Introduction. It has been confirmed by a number of empirical studies that the outbreak of coronavirus disease (COVID-19) significantly affected the psychological well-being and mental health of the world population. Timely and effective psychological and psychotherapeutic support in this special period is in high demand. Therefore, the analysis of an actual experience of practitioners, their requests and difficulties in the patients’ management is needed.
Goal. To analyze the requests and challenges faced by psychologists and psychotherapists in the early stages of the COVID-19 pandemic, and to review strategies on how to address based on the global experience.
Methods. According to the purpose, an anonymous online survey for mental health professionals from Eastern Europe was conducted on March 14-16 2020 and analyzed.
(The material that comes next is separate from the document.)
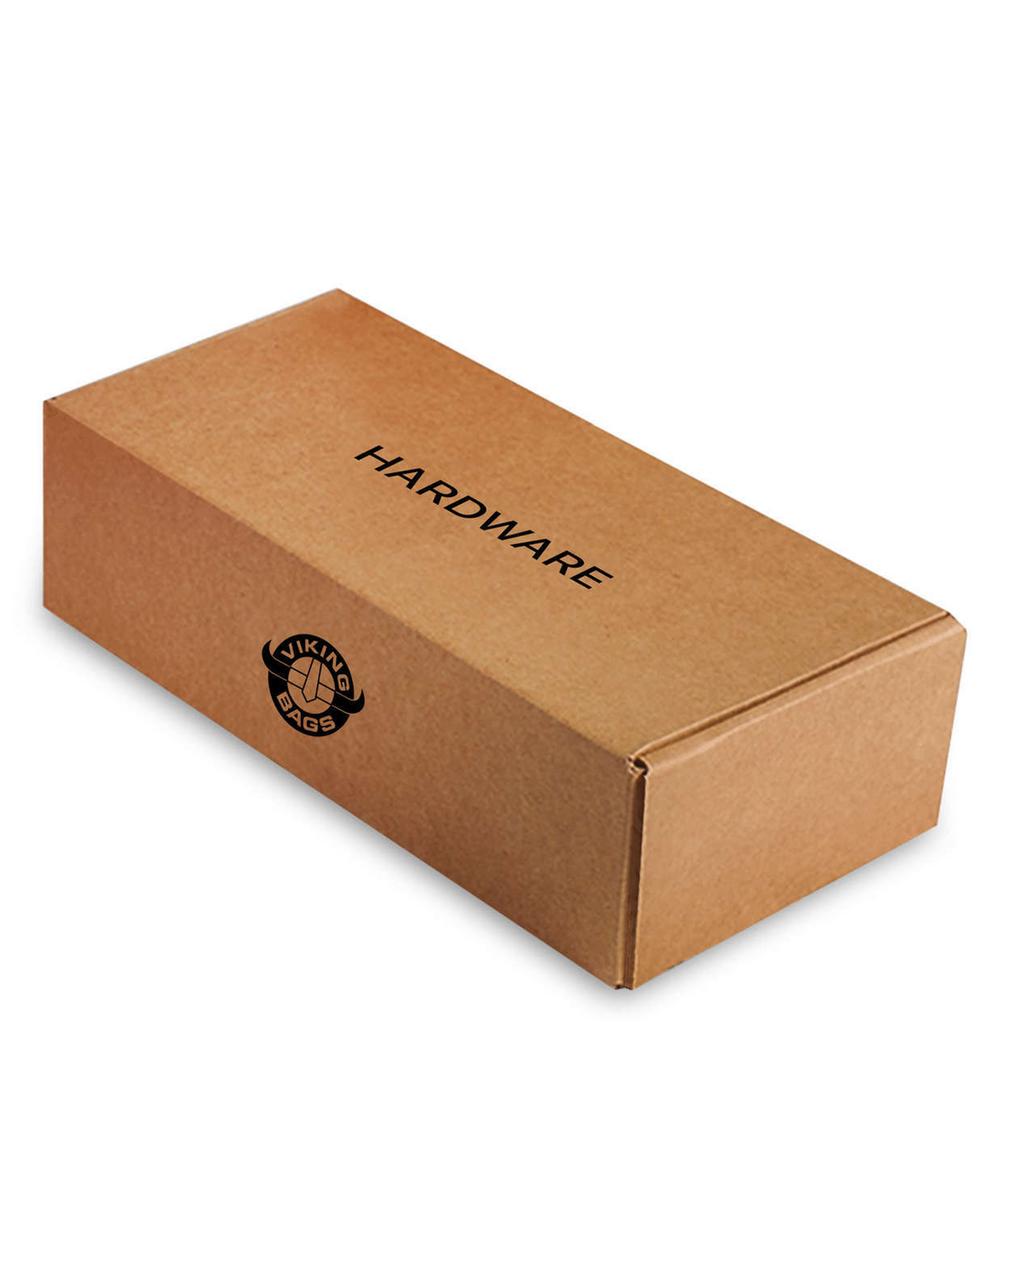 Triumph Thunderbird Lamellar Extra Large Shock Cutout Saddlebag Box

Based on the obtained results, a literature review and systematization of practical recommendations for psychologists and psychotherapists regarding the COVID-19 pandemic were conducted.
Results. Respondents (n = 145), predominantly women (90.3%), with work experience from 1 to 27 years (M = 8.1, SD = 6.02), were psychologists and psychotherapists in private practice (77.9%) or employed and in professional organizations. The majority (75.2%) reported that they were considering what modifications in their professional practice organization due to coronavirus disease should be implemented, and 35.9% had already implemented some changes. These were 1) a readiness to change the therapeutic setting (frequency of sessions, on-line); 2) reconsider the financial arrangements; 3) and request for additional knowledge, practical recommendations or supervision.
Conclusions. The inevitable changes due to the pandemic situation cause corresponding modifications in the organization of psychological and psychotherapeutic support. The main task of these modifications is to maintain the stability of therapeutic setting and to guarantee the availability of necessary assistance to patients in such difficult conditions as quarantine, financial losses, inability to meet face-to-face etc. Practitioners rely more on their own experience in the implementation of necessary changes, but highlight the urgent need for additional training and guidance from the professional community, including in the supervision.